### Records supplied
* * * * * * * * *
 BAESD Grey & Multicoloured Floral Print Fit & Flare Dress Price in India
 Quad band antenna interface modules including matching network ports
* * * * * * * * *
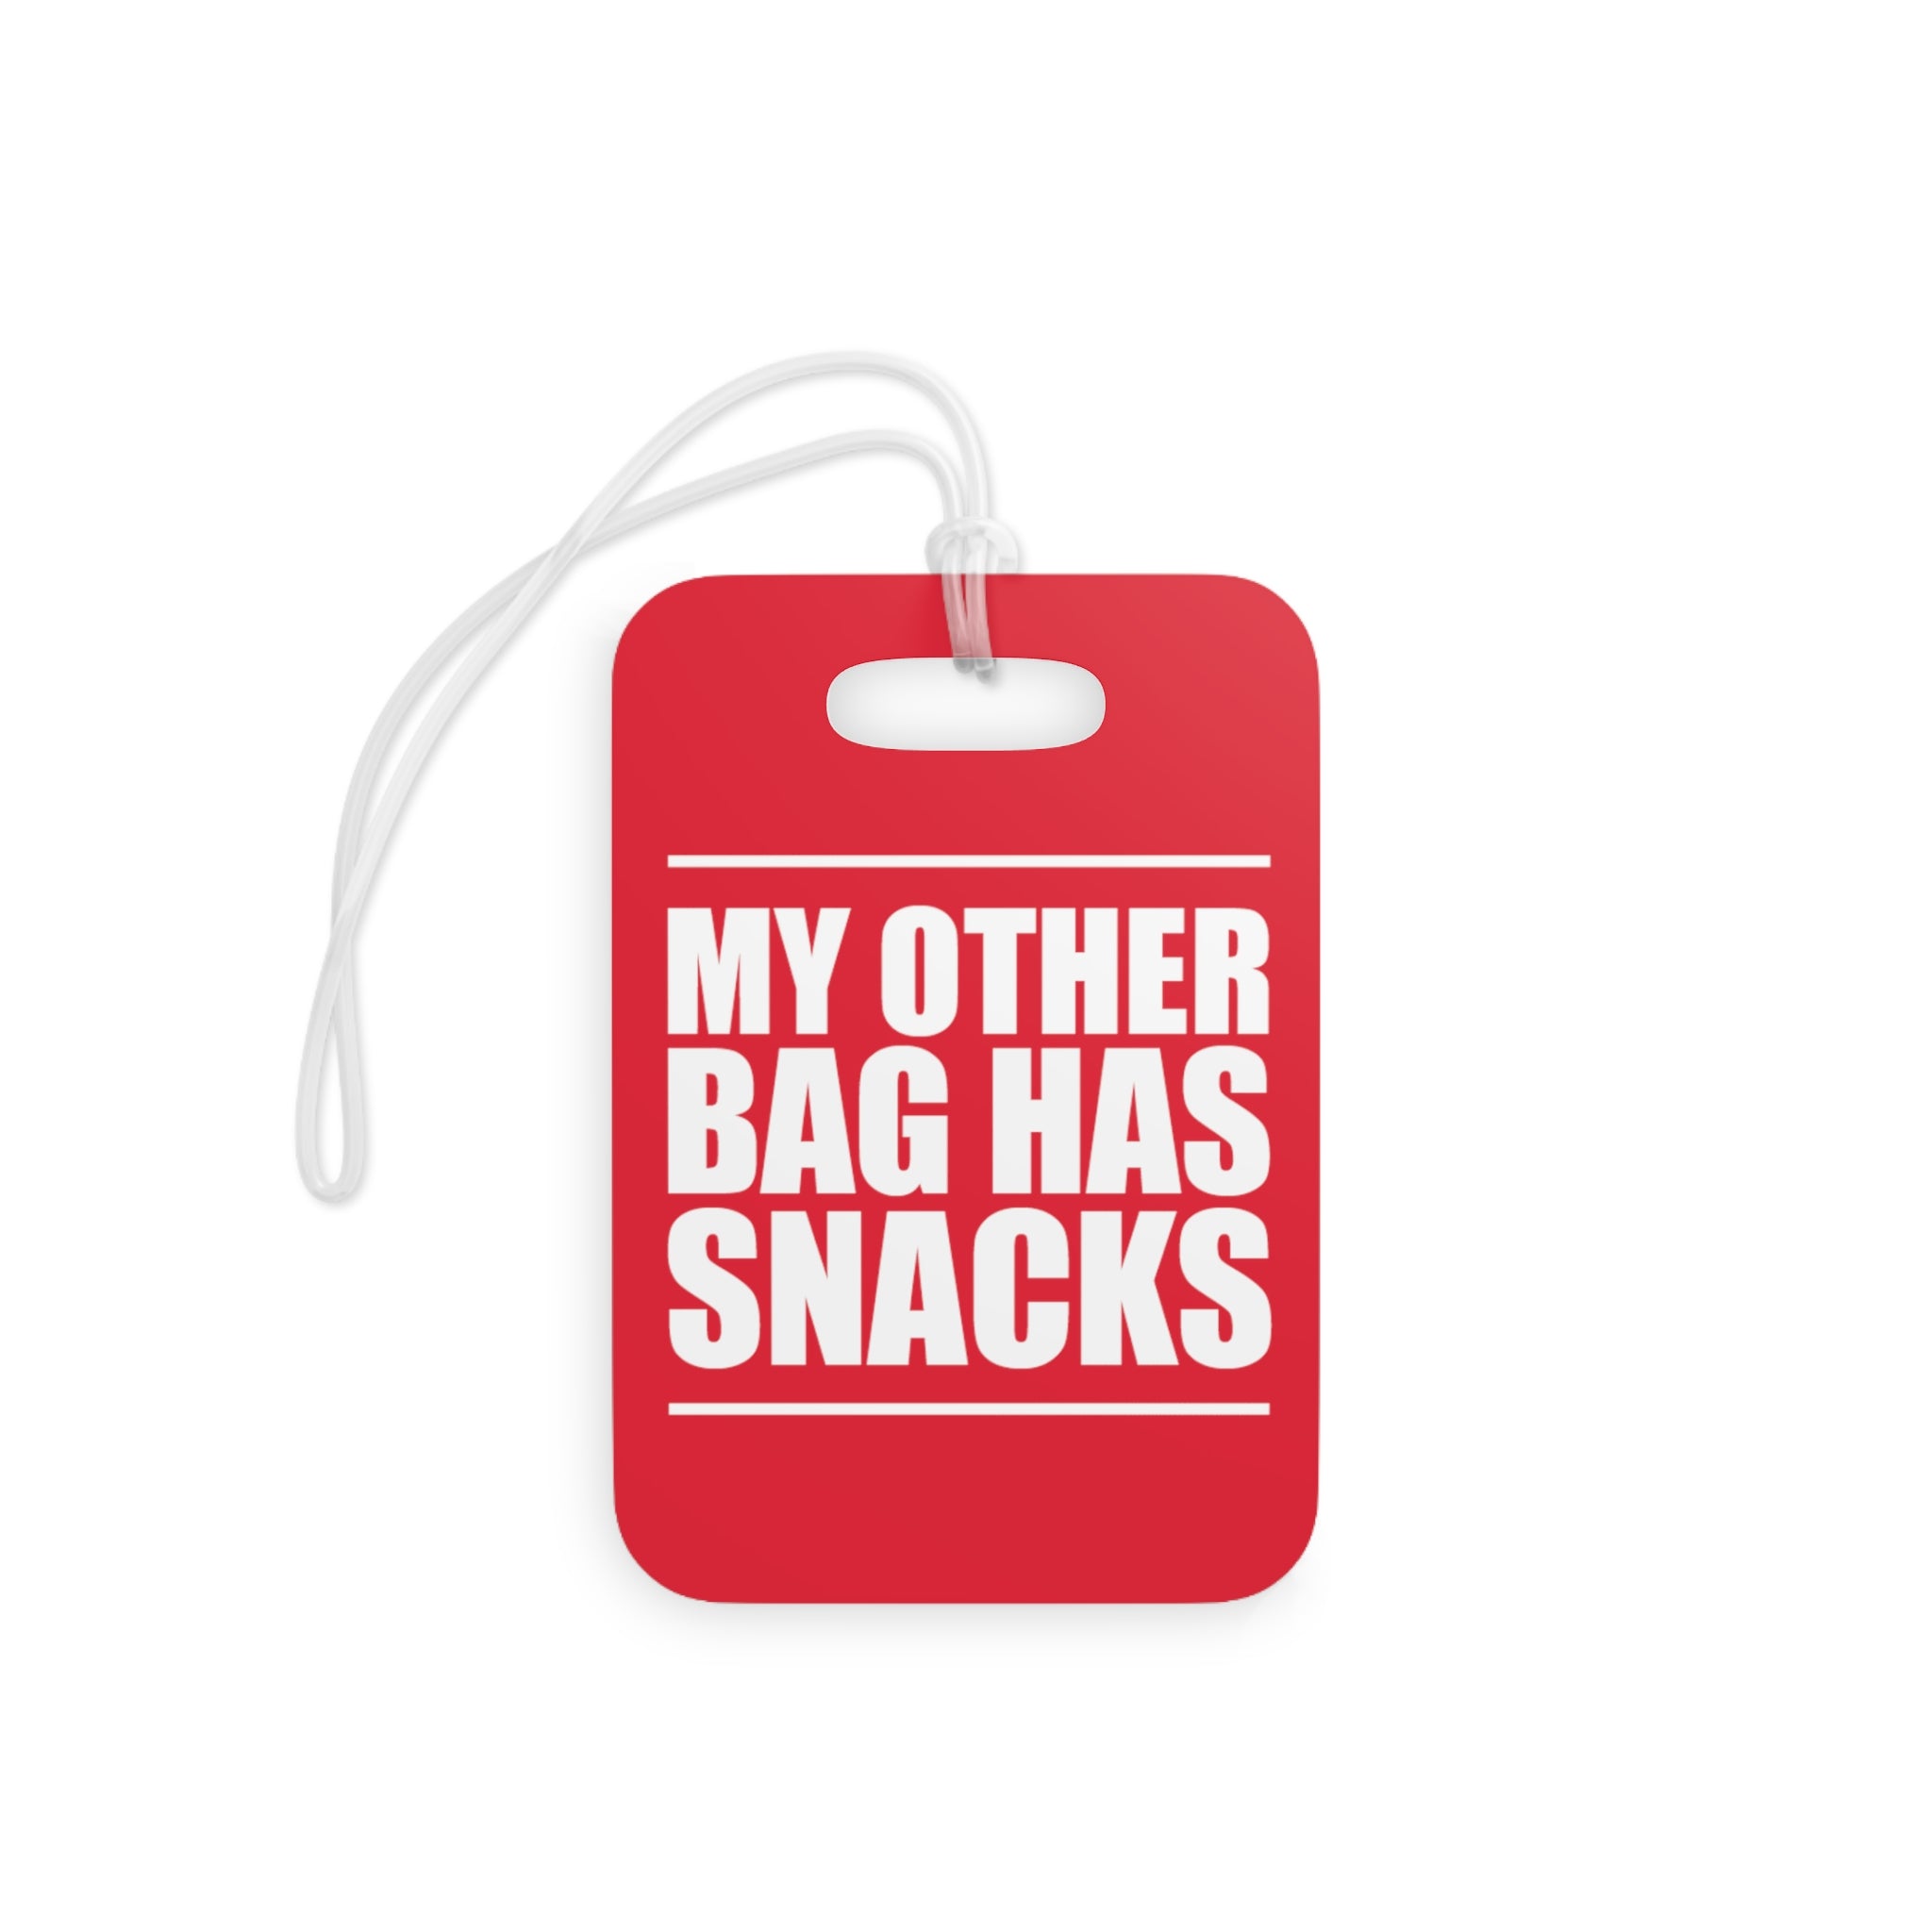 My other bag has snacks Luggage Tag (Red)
* * * * * * * * *
In the entries above, the lines between the one holding "BAESD Grey &" and the one holding "Quad band antenna", inclusive, are to be printed exactly as written, and those alone.

### Answer box
 BAESD Grey & Multicoloured Floral Print Fit & Flare Dress Price in India
 Quad band antenna interface modules including matching network ports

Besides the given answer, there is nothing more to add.